- Following dovish comments from ECB’s Centeno, the euro slipped below 1.1750.
- Robust US unemployment claims and manufacturing data helped boost the US dollar.
- Political unrest in France continues to exert pressure on the euro.
The EUR/USD continues to dip for the third consecutive day, sitting at 1.1765 as of Friday’s update, having retreated from a four-year peak surpassing 1.1900 earlier this week. Strong economic data from the US is bolstering the dollar, while in Europe, comments from ECB’s Mario Centeno and rising political tension in France are weighing down the euro.
Centeno, a member of the ECB’s governing council, stated that prolonged inflation levels under the 2% target are unsustainable for banks. He also cautioned about potential drawbacks to European economic growth, predicting more interest rate cuts could be on the way.
In France, anti-austerity demonstrations are picking up steam. Large gatherings took place in key cities on Thursday, as protestors voiced their concerns against spending cuts proposed by former Prime Minister François Beyloux, pressuring President Emmanuel Macron and new Prime Minister Sebastian Lecorne.
On another front, the US Supreme Court is set to rule on the legality of trade tariffs on November 5. This issue was a significant aspect of President Trump’s second term and has been challenged by a lower court, which argued that he exceeded his authority by invoking federal emergency laws.
Overall, the US dollar is showing a mildly positive trend thanks to a stable market sentiment and a lack of substantial economic data from both Europe and the US. However, further upward movements in the dollar may be restrained as the market anticipates more financial easing by the Federal Reserve.
Daily Digest Market Mover: Strong Data Impacts Investors, Supports US Dollar
- Recent figures from the U.S. Labor Bureau reveal a drop from 33,000 to 231,000 unemployment claims for the week ending September 12, exceeding expectations for a softer decline.
- Simultaneously, the Philadelphia Fed manufacturing survey showed a larger-than-anticipated recovery in sector activity, jumping back to 23.2 after a 0.3% contraction in January.
- While these data won’t change expectations regarding potential interest rate cuts by the Fed in October, they have lessened fears of a severe economic downturn and provided extra support for the US dollar.
- Futures markets reflect a 90% probability that the Fed will lower its rates by 25 basis points in a month, and approximately 80% expect a further cut in December.
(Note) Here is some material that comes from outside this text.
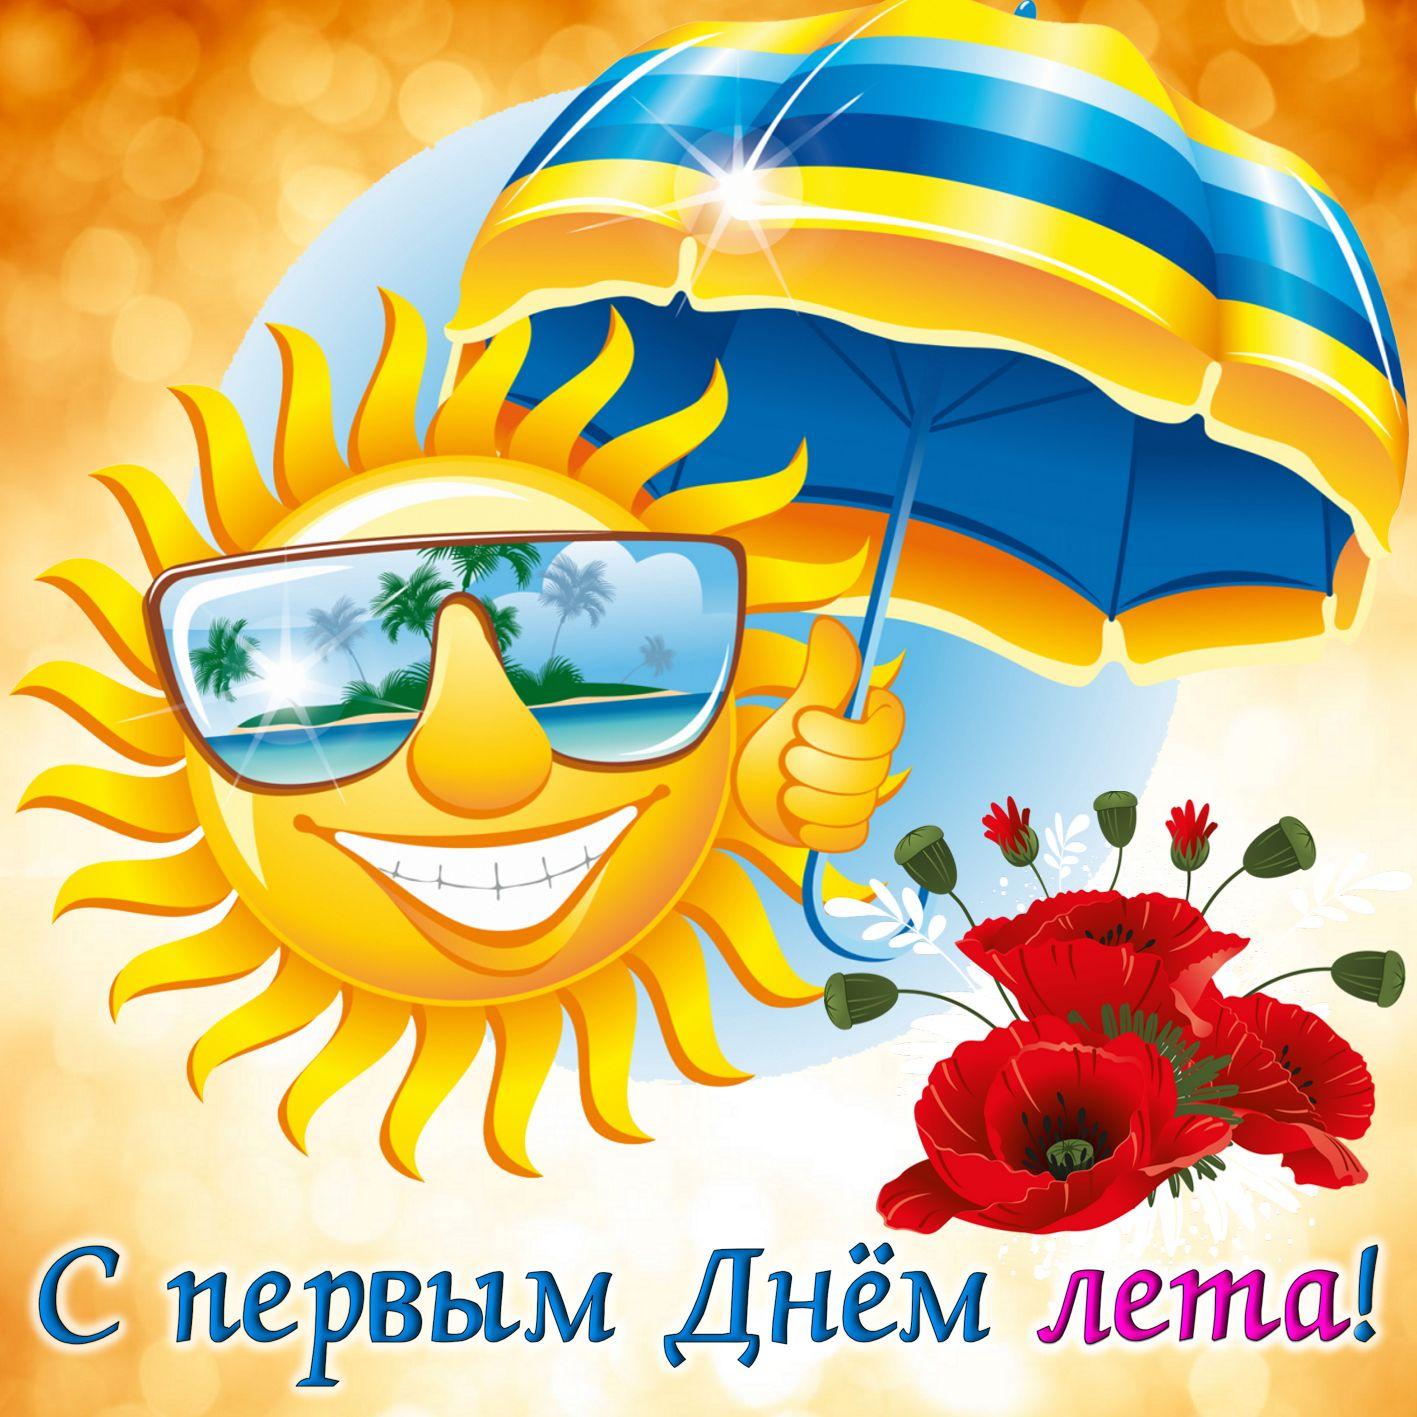 Открытка с первым днём лета - солнышко в очках под ярким зонтиком

This sentiment could limit rallies in the dollar.
- Additionally, ECB Vice President Louis de Gindes emphasized that while the bank’s current monetary policy is suitable, there are significant economic uncertainties, suggesting the easing cycle may not yet be over.
Technical Analysis: EUR/USD Key support around 1.1700
With the US dollar strengthening, the EUR/USD is reversing from its four-year high. Technical indicators show a steady relative strength index at around 50 on the 4-hour chart, but it has dipped below this level, indicating bearish pressure near the 1.1750-1.1760 support range established on September 15 and 18.
The broader bullish trend’s key support lies between the lows observed at 1.1700 on September 12 and a trendline support formed from late August, currently around 1.1710. Further down, a lower target aligns with the September 11 low near 1.1660. On the upside, daytime highs reached 1.1790, with Thursday hitting almost 1.1850 and the peak on September 16 at 1.1878.